The Overview with Fast Scan panel is part of the onboarding workflow introduced in 2.3.1. It will only be populated when this onboarding workflow is enabled and used - see Administration Center - Settings - Application Onboarding. See also Workflow - Application onboarding with Fast Scan.

This section is only displayed if you have configured more than one of either of the following:

Multiple CAST Storage Service/PostgreSQL instances for analysis or Measurement requirements - see Administration Center - Settings - CSS and Measurement settings.
Multiple Nodes (i.e. you are running the enterprise release of Console which allows for multiple Nodes to be configured) - see Administration Center - Nodes.

This allows you to select the specific target CAST Storage Service/PostgreSQL instance (for the database schemas required for the new Application) OR the target Node (for deep analysis requirements).

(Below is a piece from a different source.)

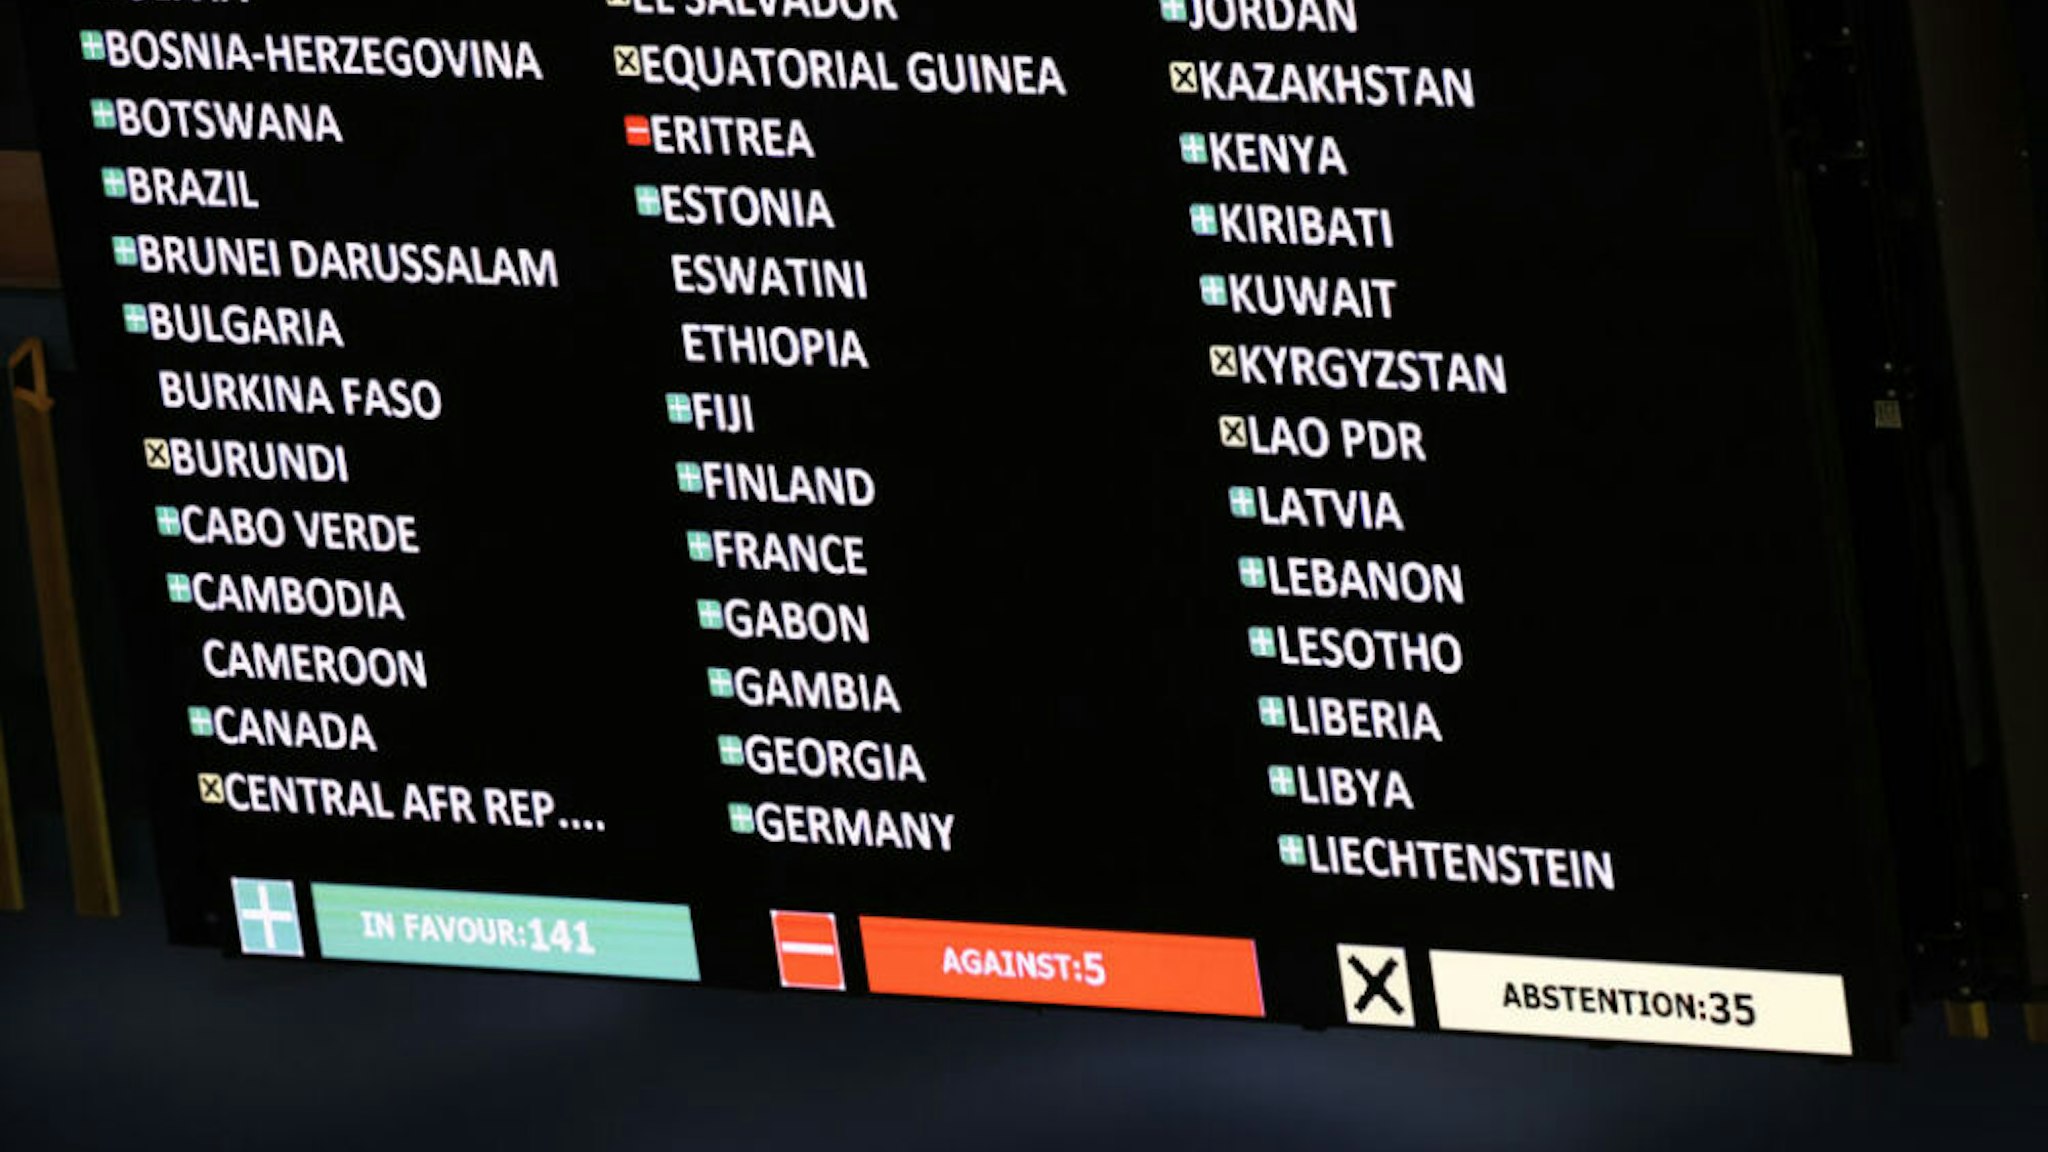 NEW YORK, NEW YORK - MARCH 02: The results of a General Assembly vote on a resolution is shown on a screen during a special session of the General Assembly at the United Nations headquarters on March 02, 2022 in New York City. The U.N. General Assembly continued its 11th Emergency Special Session where a vote was held on a draft resolution to condemn Russia over the invasion of Ukraine. Since the start of the war seven days ago, there have been over 600,000 people who have been displaced in Ukraine according to the U.N. refugee agency. Ukraine’s State Emergency Service have said that more than 2,000 civilians have been killed.

If you do not make a selection - i.e. you leave the options set to "ANY", Console will function in "load balancing" mode and will choose the CAST Storage Service/PostgreSQL or Node automatically:

If you have ALREADY run a deep analysis, the UI will prevent you from choosing a different CAST Storage Service instance or Node for any subsequent analysis related actions to ensure stability.
Load Balancing behaviour, when ANY is selected:
- CAST Storage Service/PostgreSQL
  - For the deep analysis step (result storage), the CAST Storage Service/PostgreSQL instance with the lowest number of CAST related schemas already stored on it will be used.
- Nodes
  - For the deep analysis step, the least busy node running the same release of AIP Core as used for the initial fast scan will be selected.
Node manual selection: only nodes running the same release of AIP Core as used for the initial fast scan of the onboarding process will be made available for selection - this is to prevent analysis errors. This may mean that it is not possible to choose a specific node.

Run analysis

In ≤ 2.7, CAST Imaging MUST be configured Administration Center - Settings - Imaging Settings otherwise the action will fail. This requirement has been removed in ≥ 2.8.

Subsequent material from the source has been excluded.